The story itself is somewhat dated by the romantic perspective of the Roaring Twenties, and few will read it for the instant connection they will feel with the characters. Why would someone want to read this book? I see three reasons. The first is to explore the theme of moving illusions about the future built from the happiness of the past. The second is to see a fine example of plot development. There are no wasted words, actions, and thoughts. The third is to enjoy the language, which is beautifully expressive. For example, consider the book's opening sentence: "In my younger and more vulnerable years my father gave me some advice that I've been turning over in my mind ever since." Fitzgerald goes on one sentence later to give you a clue about how to read the novel. "He didn't say any more, but we've always been unusually communicative in a reserved way, and I understood that he meant a great deal more than that."

These are not characters you will find uplifting. "They were careless people, Tom and Daisy -- they smashed up things and creatures and then retreated back into their money or their vast carelessness . . . and let other people clean up the mess they had made."

Why did Fitzgerald create such characters?
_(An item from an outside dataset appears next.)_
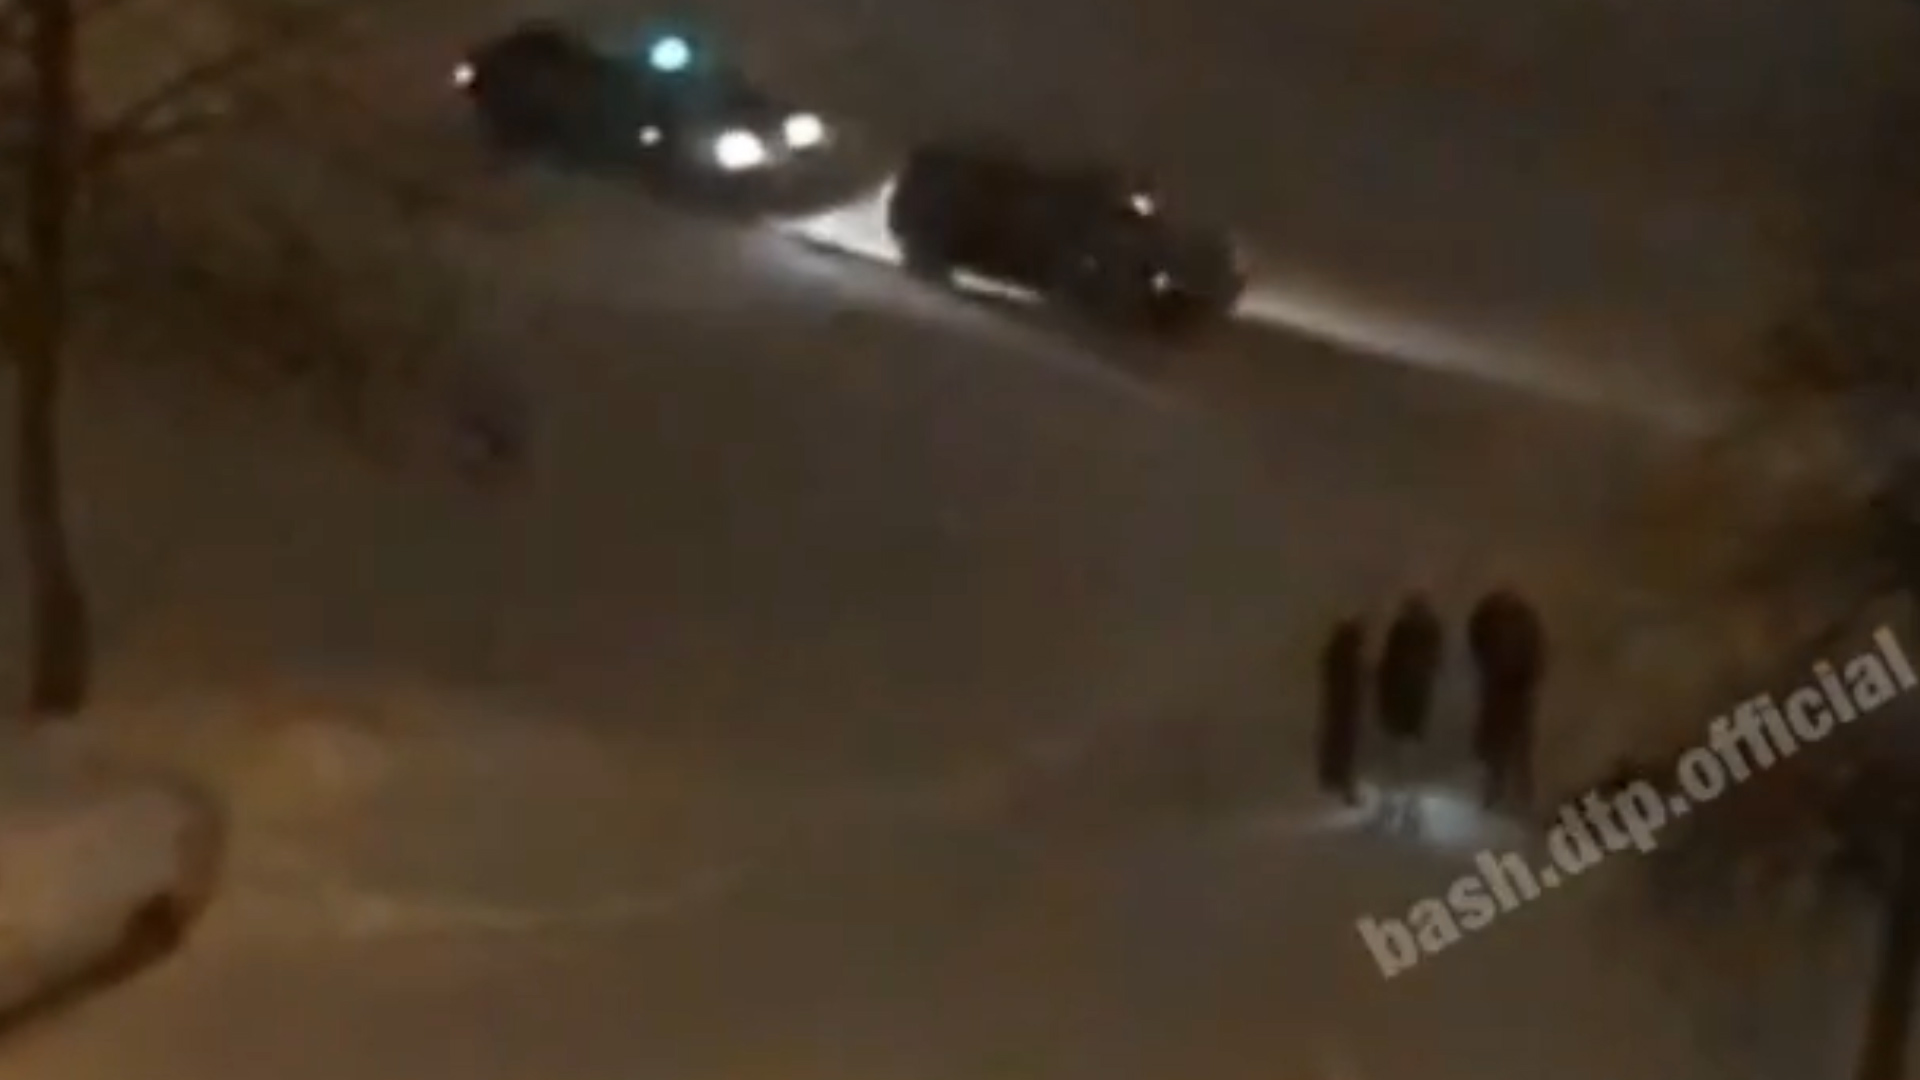 Пять таксистов избили мужчину в Уфе, очевидцы сняли видео

Precisely, because he did not approve and did not want you to approve. 'Everything that glitters is not gold' is another way of summing up the lessons of this novel.
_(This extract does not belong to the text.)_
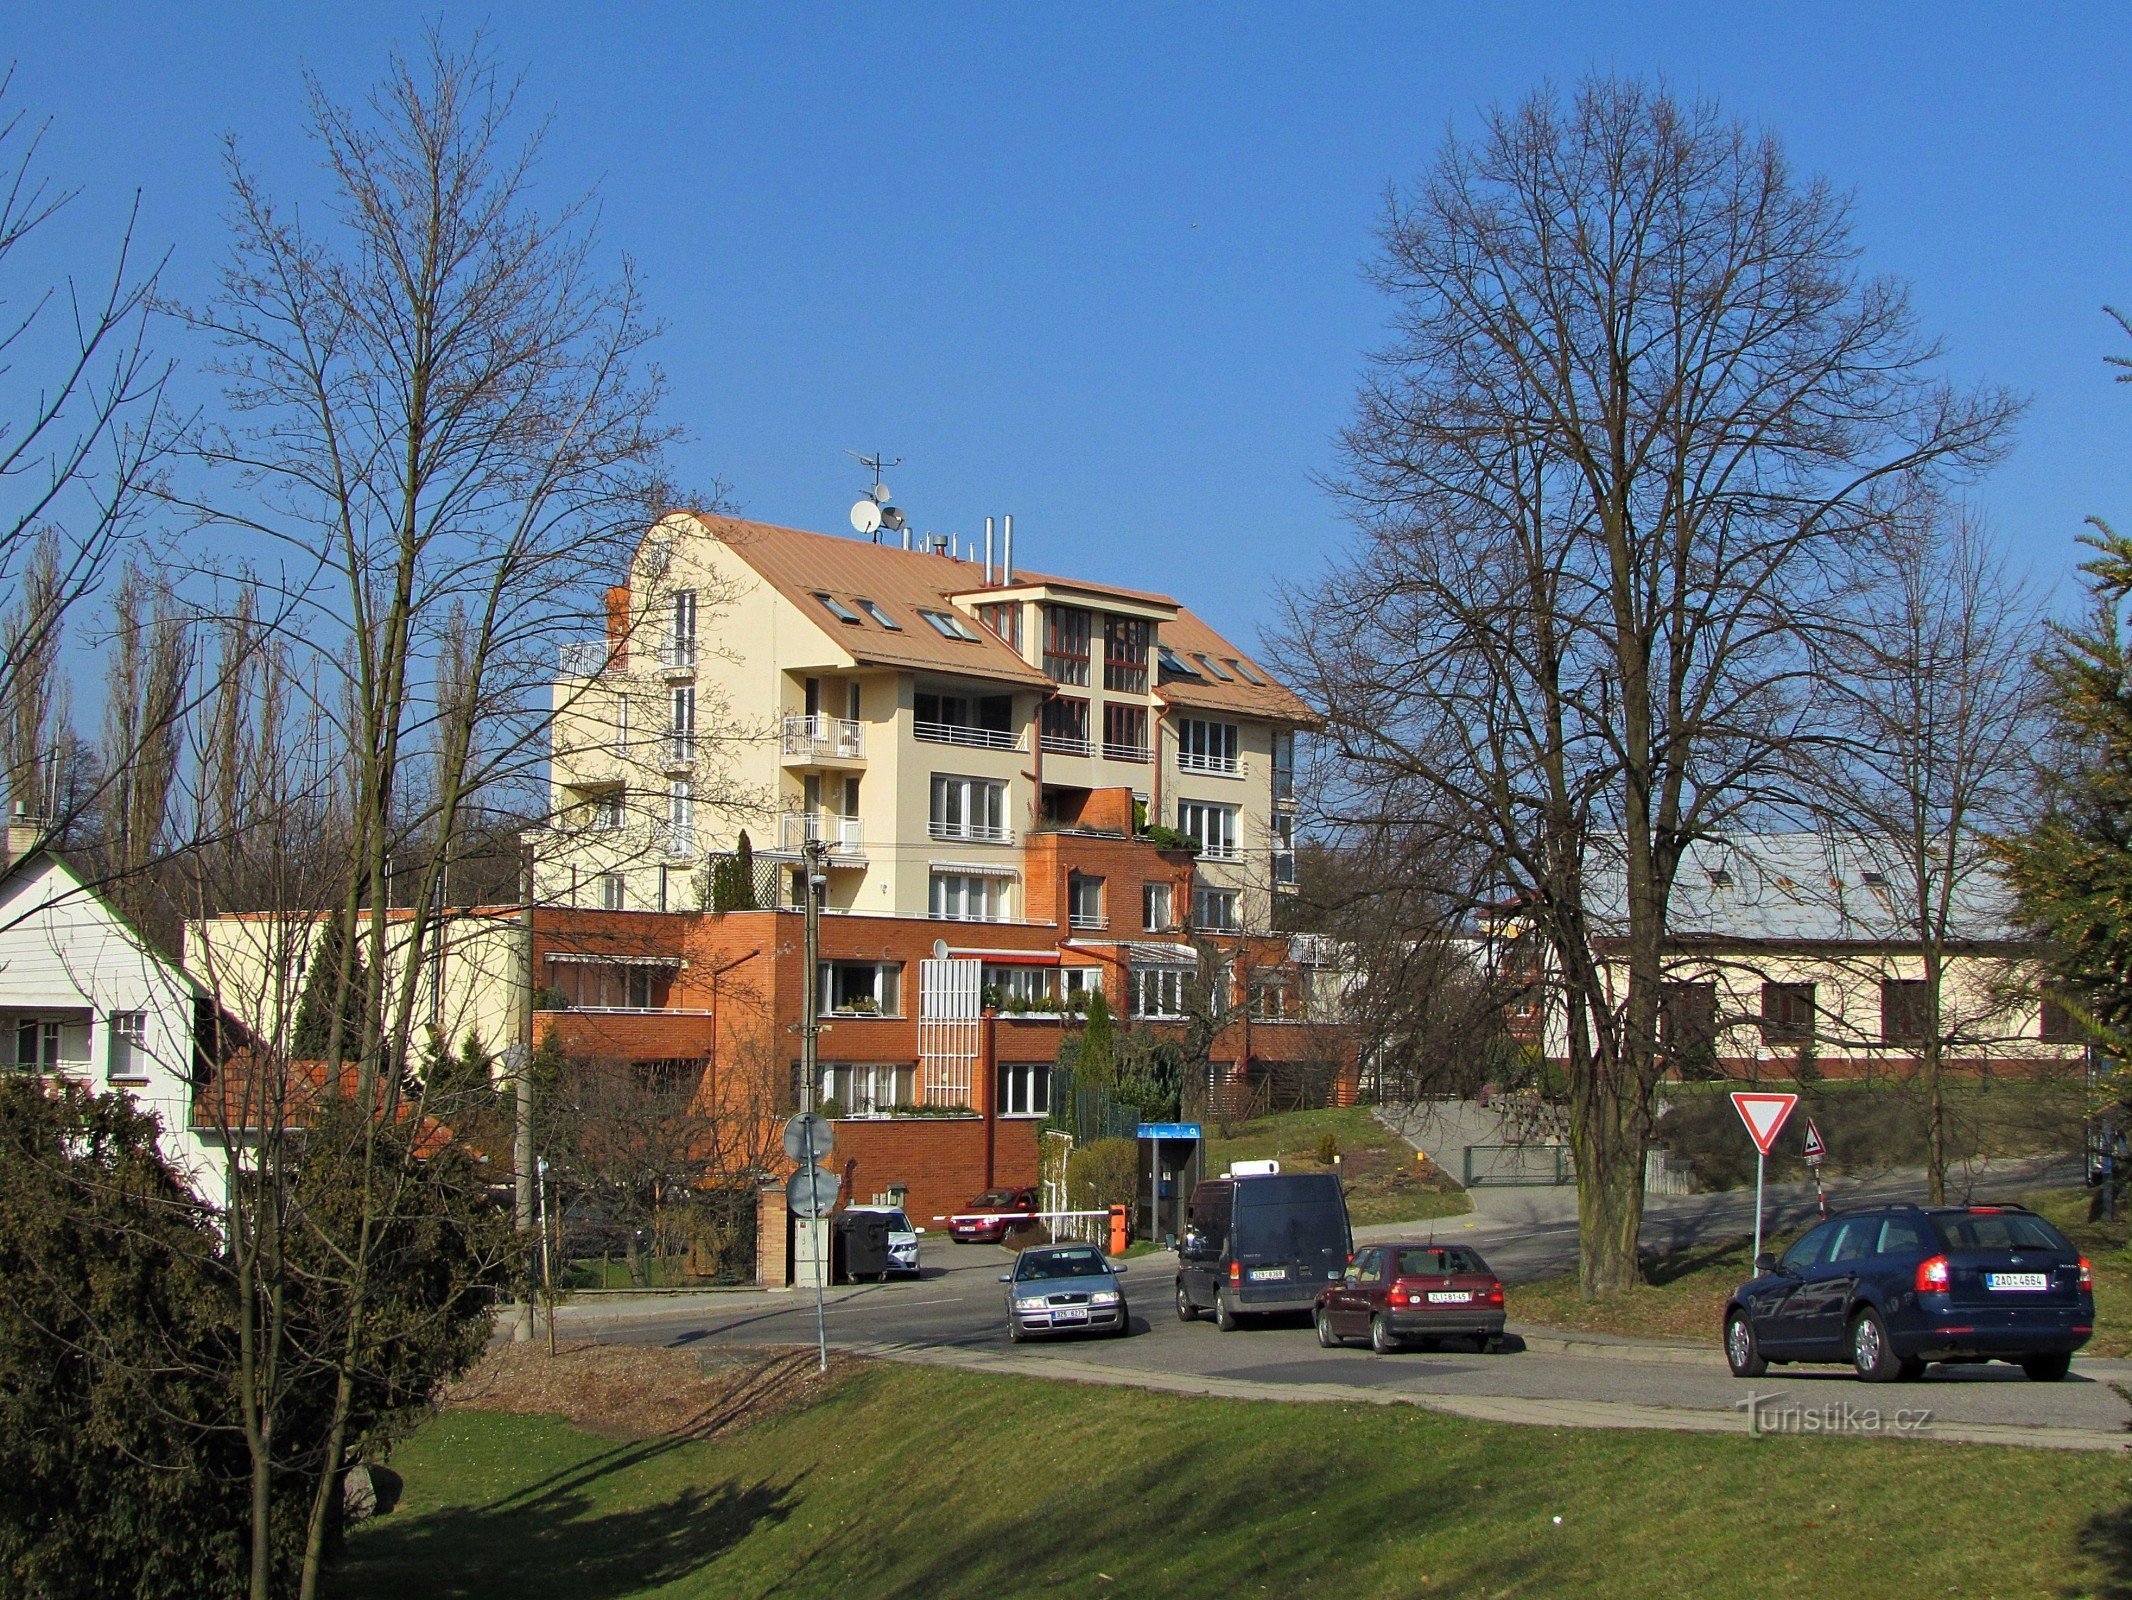 Zlín - Hradská straat

Why should someone not read this book? A reader who wants to be inspired by positive examples will find little to uplift oneself here. Someone who wants a story they can personally identify with will likely be disappointed. A student of how to create love and happiness will mainly find out how to create heartache and unhappiness. So the book is not for everyone.

After you have read the book, I would encourage the self-examining reader to consider where in one's own life the current focus is dominated by past encounters rather than future potential. Then consider how changing that perspective could serve you and those you love better.
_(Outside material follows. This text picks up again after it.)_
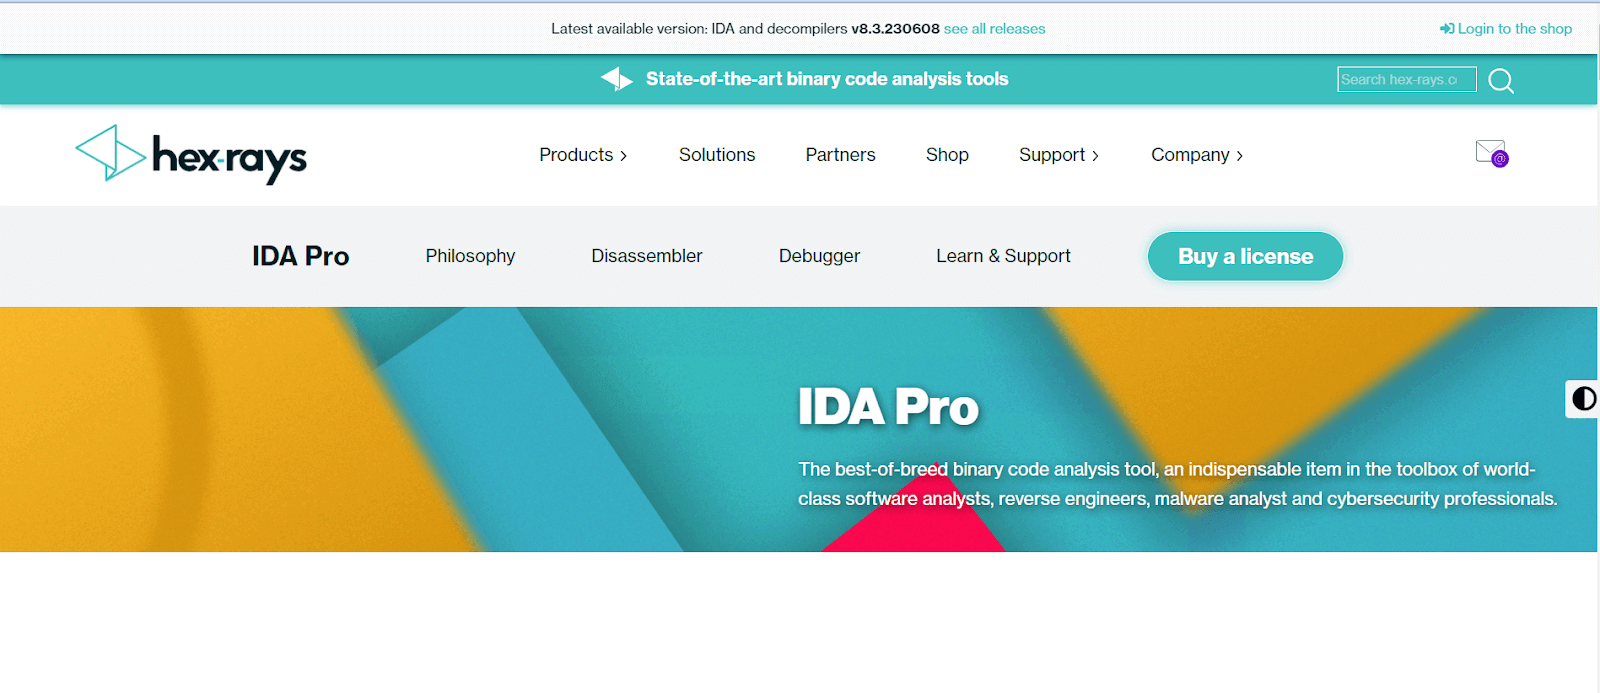 IDA Pro
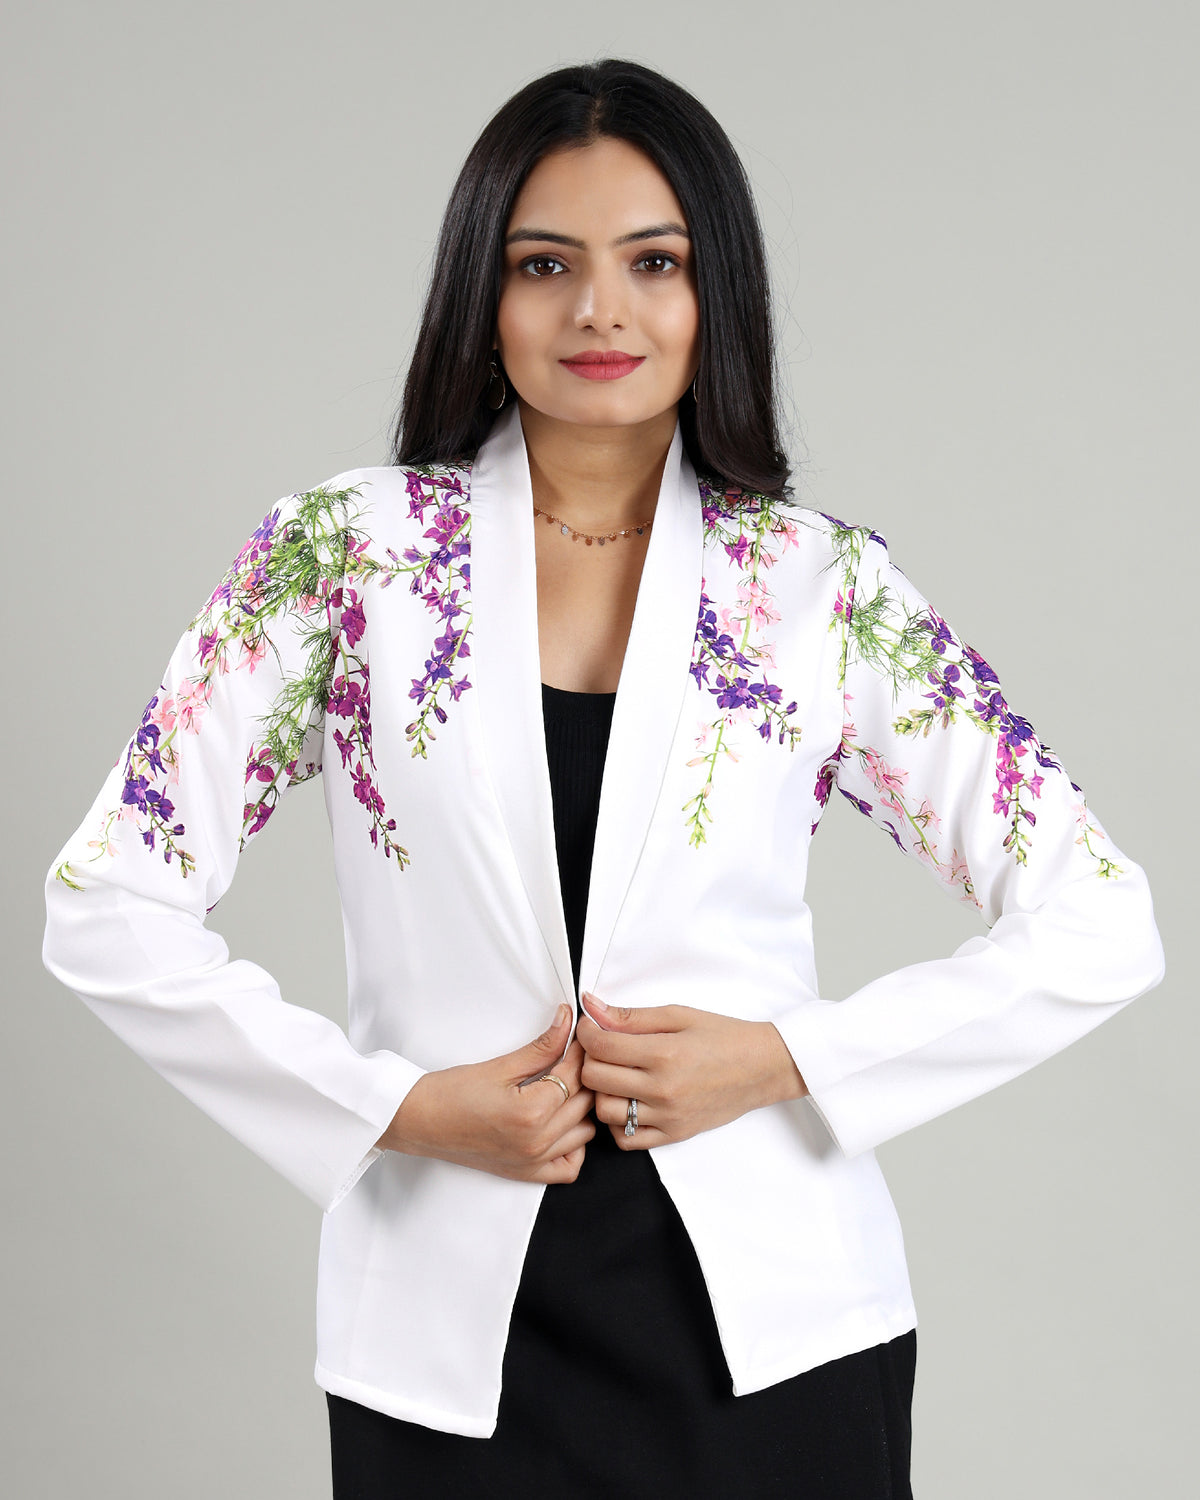 Floral with a Twist: A Unique Women's Jacket

A green light to go and read this novel5
'Gatsby' is the American Dream; but more than that, 'Gatsby' is about dreaming. It is an incredibly concise novel of lyrical genius. It is poetry and social commentary. A work of art and a historical document. A light breeze through the jazz age and a complex layering of narrative perspectives. A hedonistic trip through gloriously decadent capitalist excess and a crushingly melancholic musing on lost love.
If you're a romantic read this because Fitzgerald's employment of prose will make you weep.
If you're an english student read this because it will tell you everything you need to know about the influence of cinema.
If you're a historian read this for the way Fitzgerald doctors his text to avoid censorship laws in 1925.
If you're a social scientist read this because it has only one equal in its study of the illusion of American idealism. Alexis de Tocqueville's 'Democracy in America' is 100 years older, 250 pages longer, and not written in melting prose.
That is not to say that this work is without fault. Crucially for anyone who is compelled to regard such things in a novel that doesn't warrant it, the logic of Carraway's narrative does not follow. Fitzgerald originally wrote what now constitues the ending to sit at the front of the novel, and in its new-found position Carraway has access to information that in reality he would not have. This, as might be apparent, is the criticism of a man who was forced to read the work at A-Level.
Strangely, this has not diminuished from his continued enjoyment. Indeed, even after numerous returns to Fitzgerald's astonishingly few pages this is the single fault I find in this work.
Daisy will make you want to love. Tom will make you want to earn millions. Gatsby will make you want to dream.
Read it first as a fantastically crafted story, second as an insightful social commentary, and third as a work of perspective genius. Read it because you haven't already. It is as brilliant as that green light.